BEGIN INFORMATION SHOWN

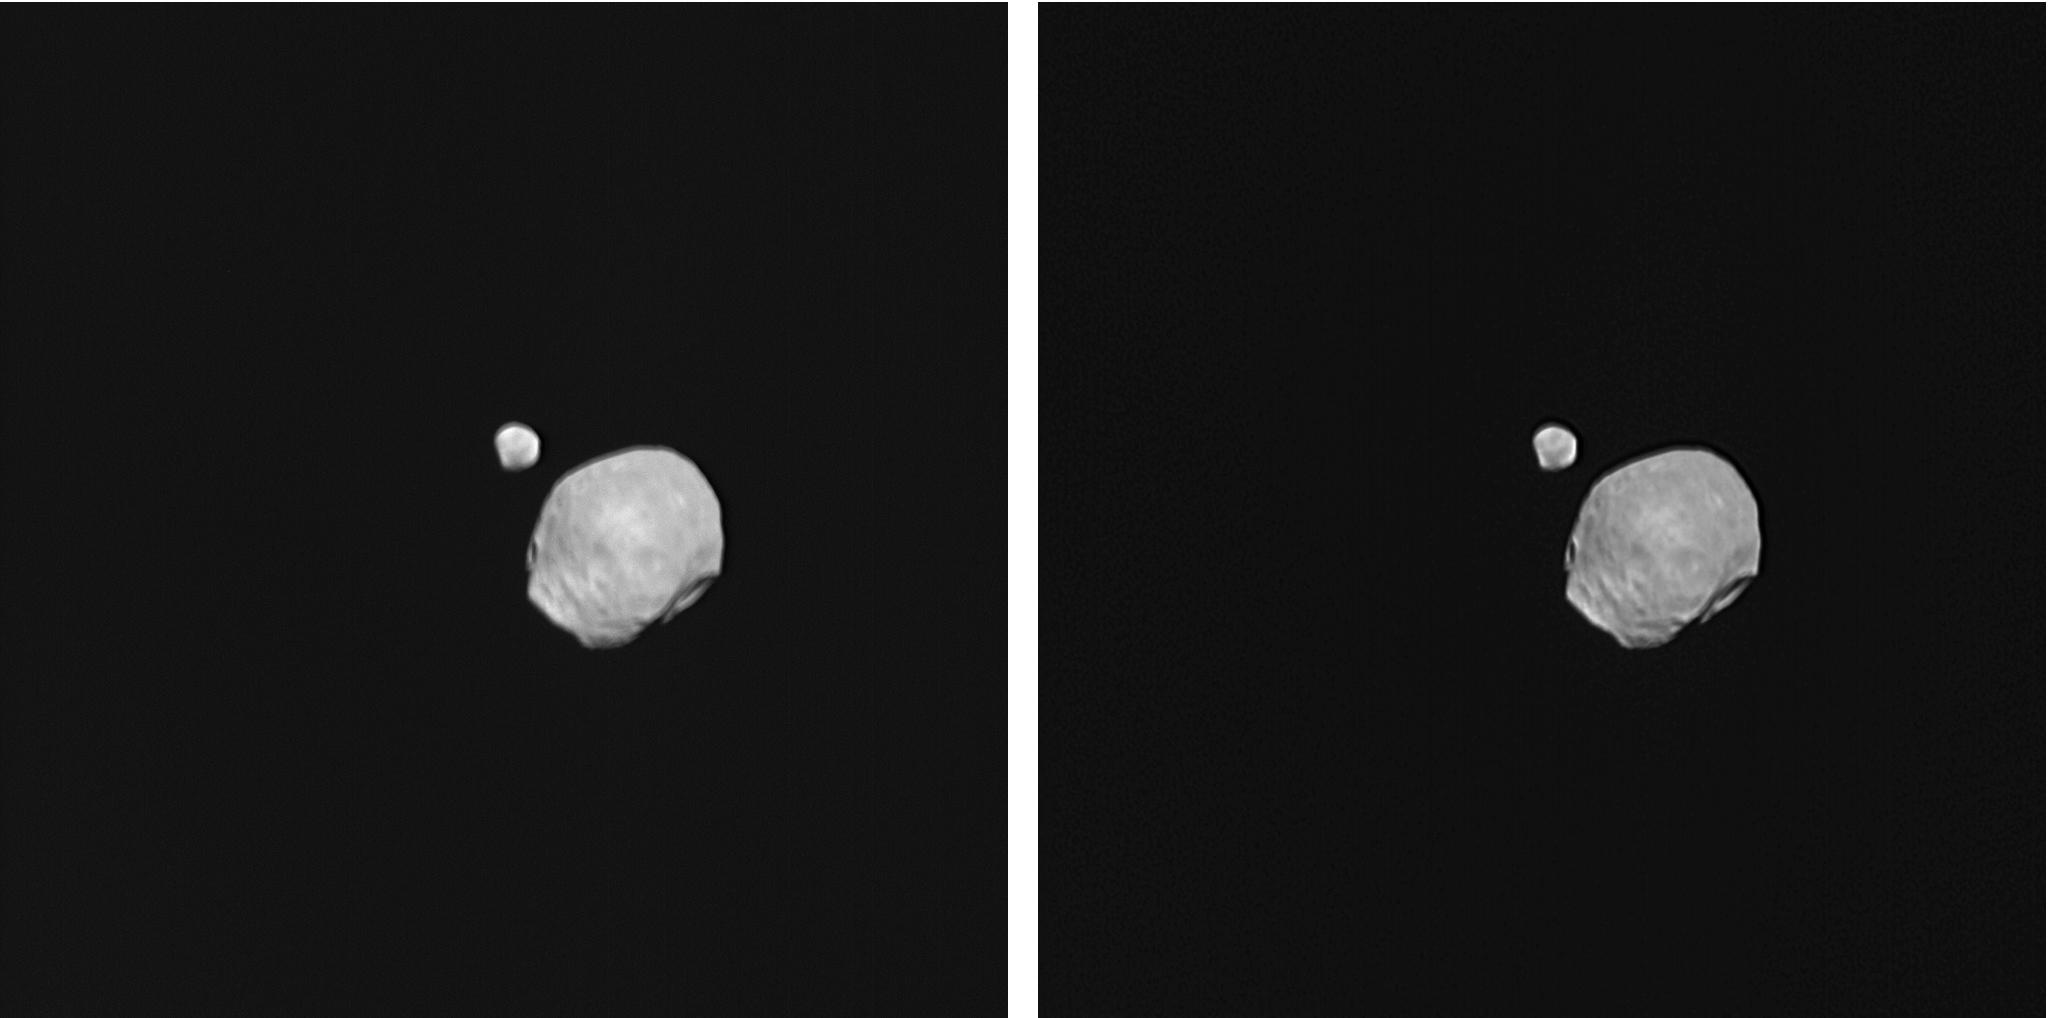 moons of mars both - photo #15
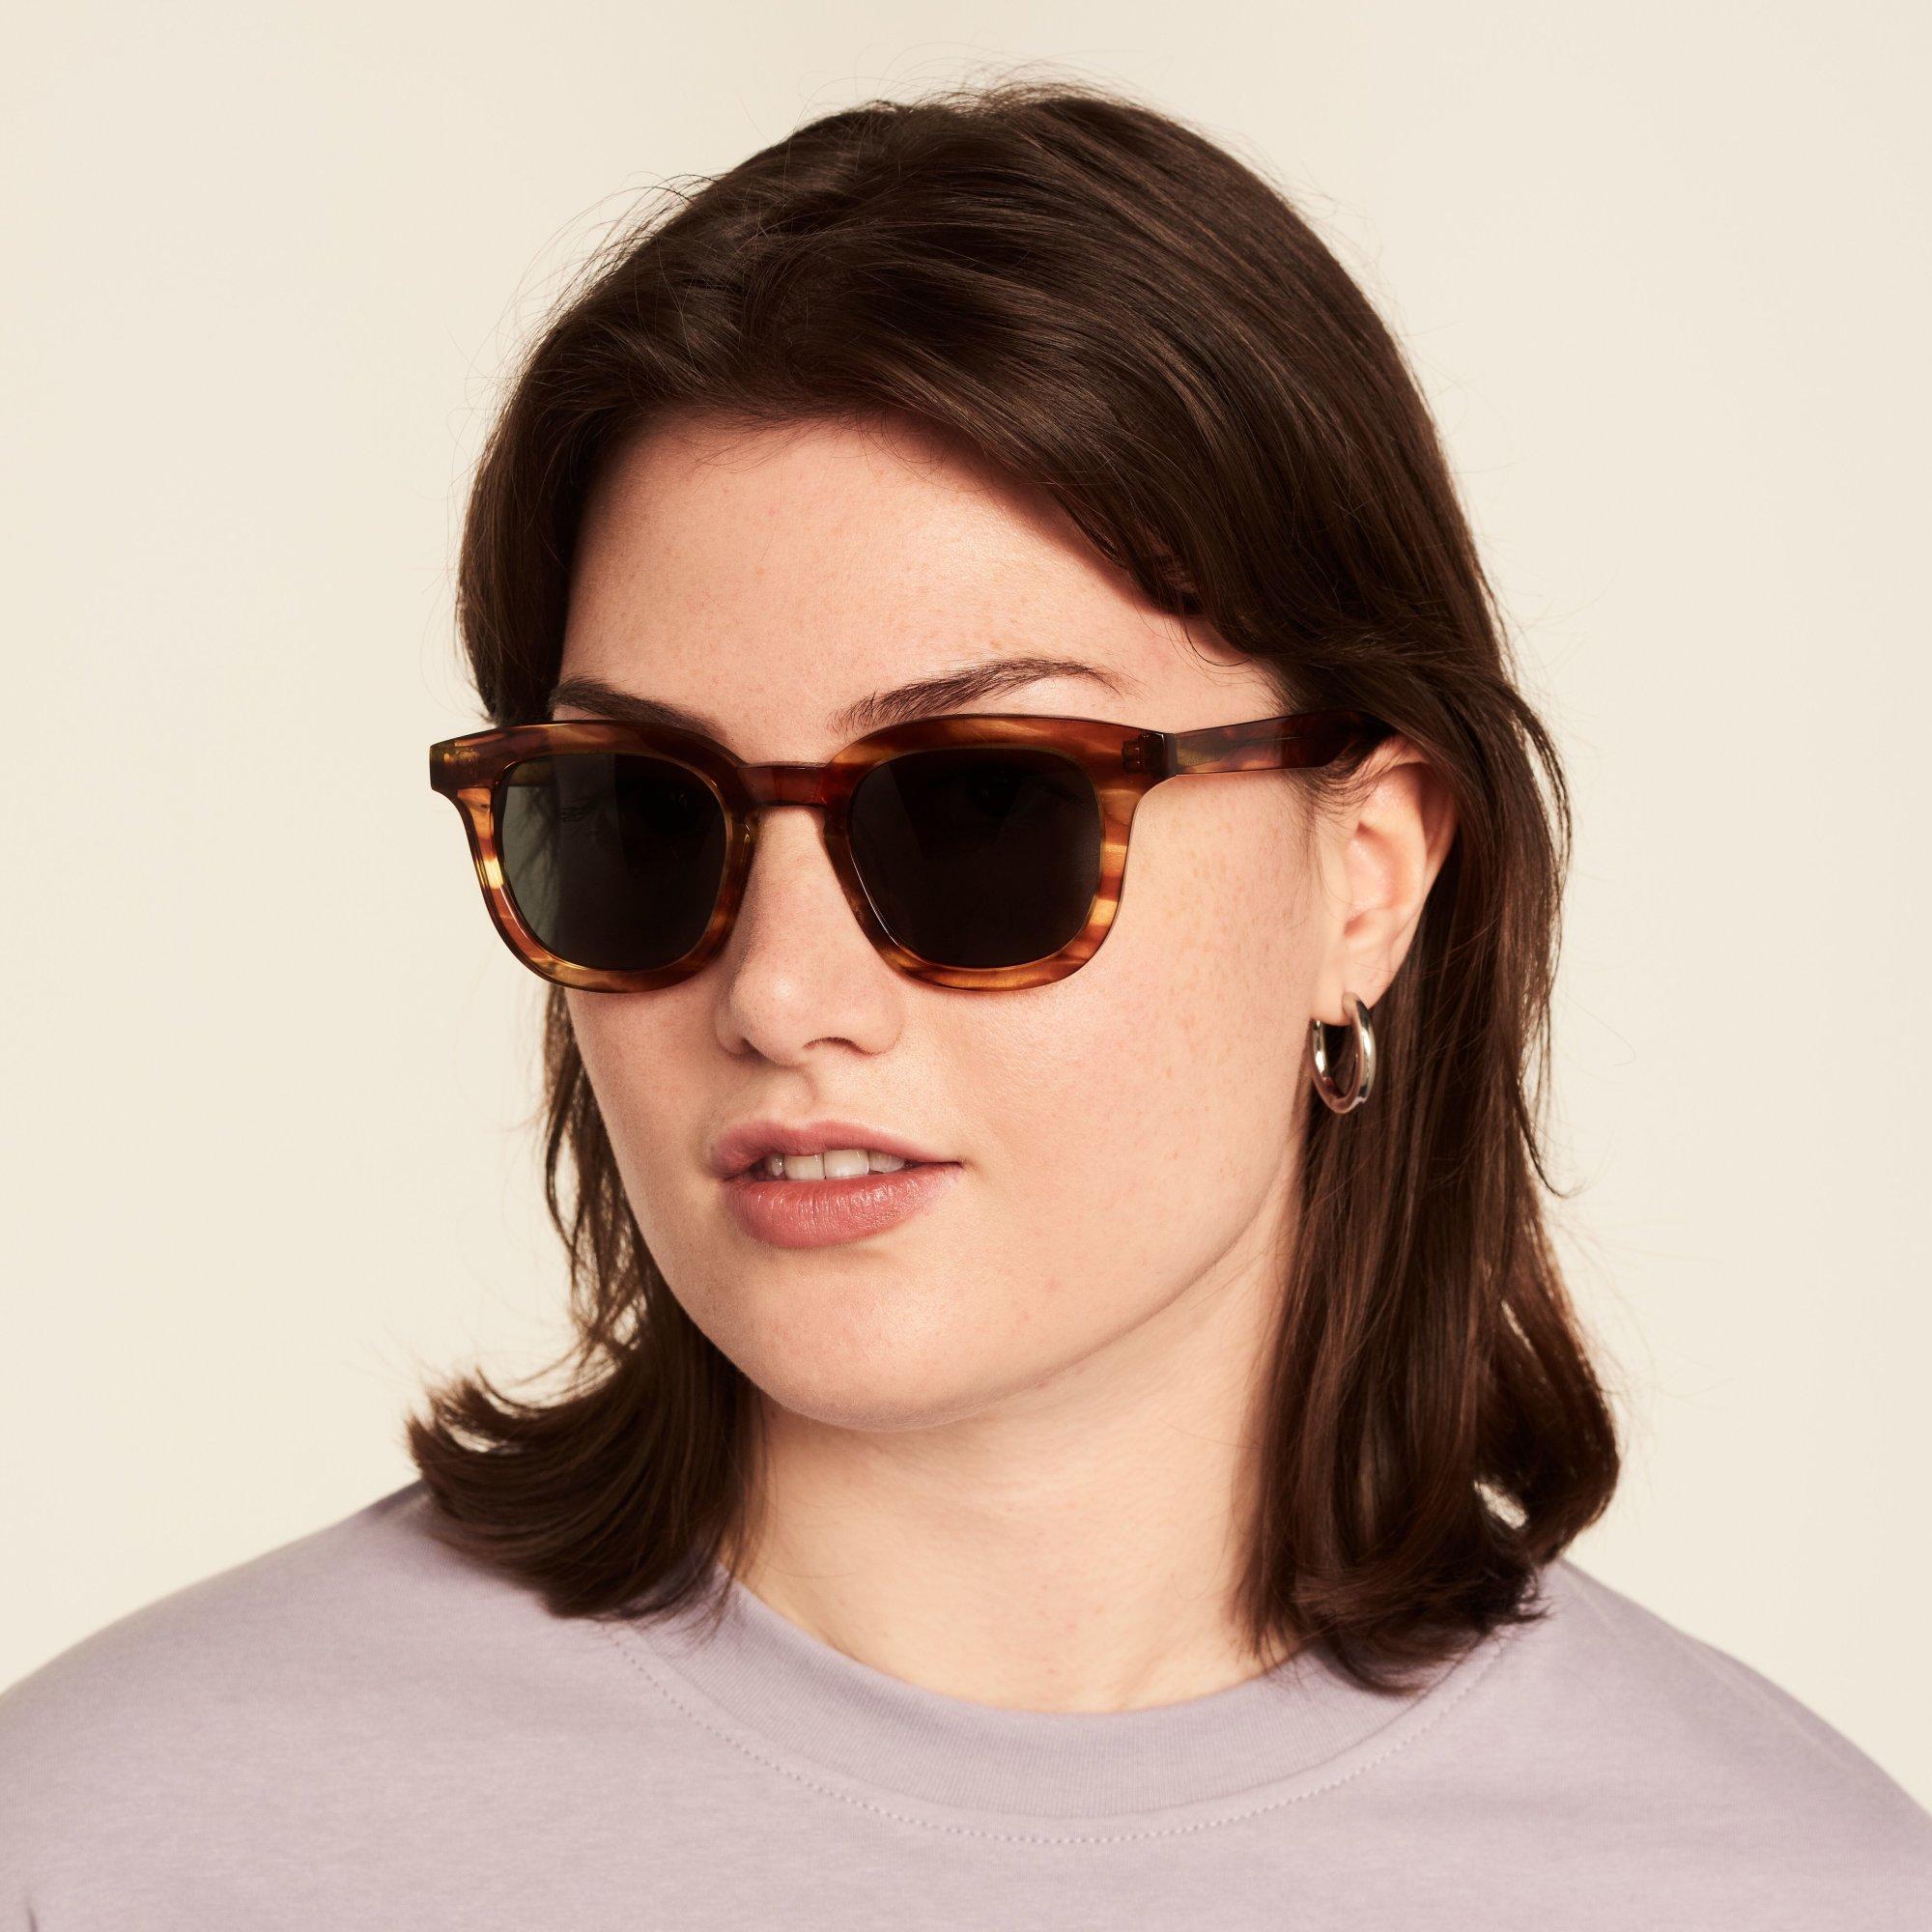 Ace & Tate Sunglasses   square acetate in Brown, Orange
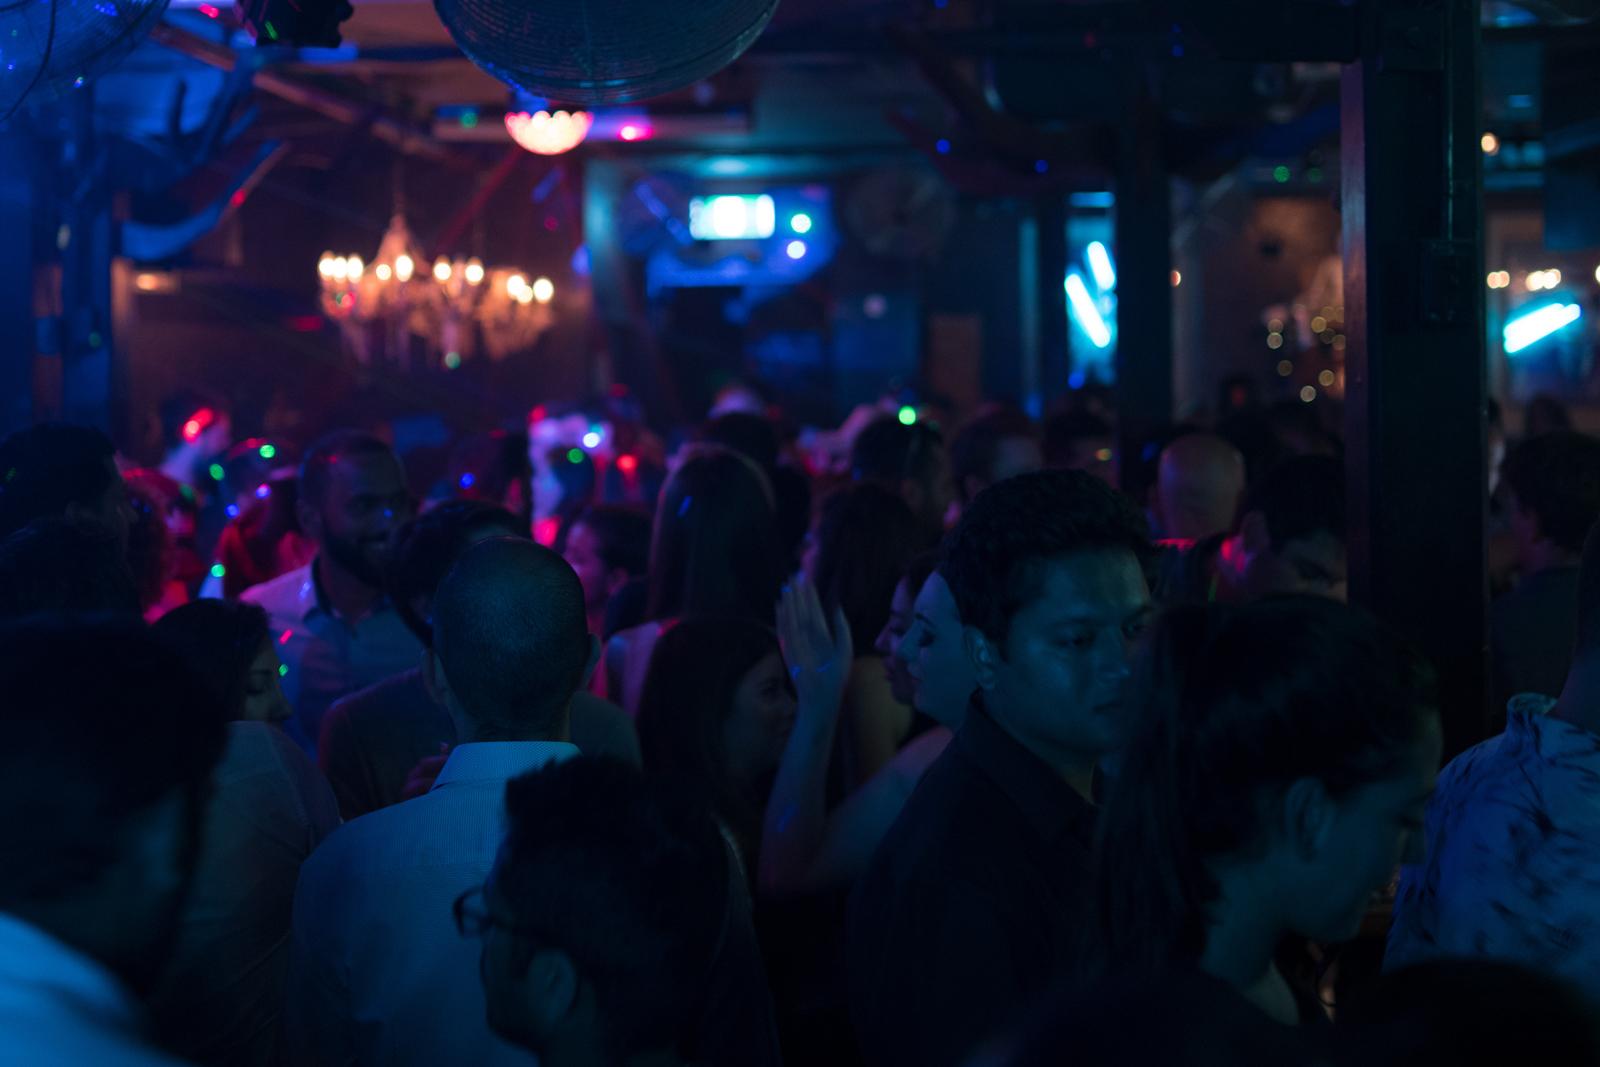 Mendoza Saturdays - Melbourne's Best Latin Nightclub.9pm-3amLadies Free before 11pm*$12 general | $10 guest listOn the decks Dj Chamo, Dj Chicho and guests. Salsa, Reggaeton, Bachata and Latin Funk.*{except special events}

END INFORMATION SHOWN

▸ BRIEF:
In the copy, only the lines from the one holding "Ace & Tate Sunglasses" through the end of the listing above should appear, retyped exactly, both ends included, with no pictures.

▸ RESPONSE TO THE EXERCISE:
 Ace & Tate Sunglasses   square acetate in Brown, Orange
 Mendoza Saturdays - Melbourne's Best Latin Nightclub.9pm-3amLadies Free before 11pm*$12 general | $10 guest listOn the decks Dj Chamo, Dj Chicho and guests. Salsa, Reggaeton, Bachata and Latin Funk.*{except special events}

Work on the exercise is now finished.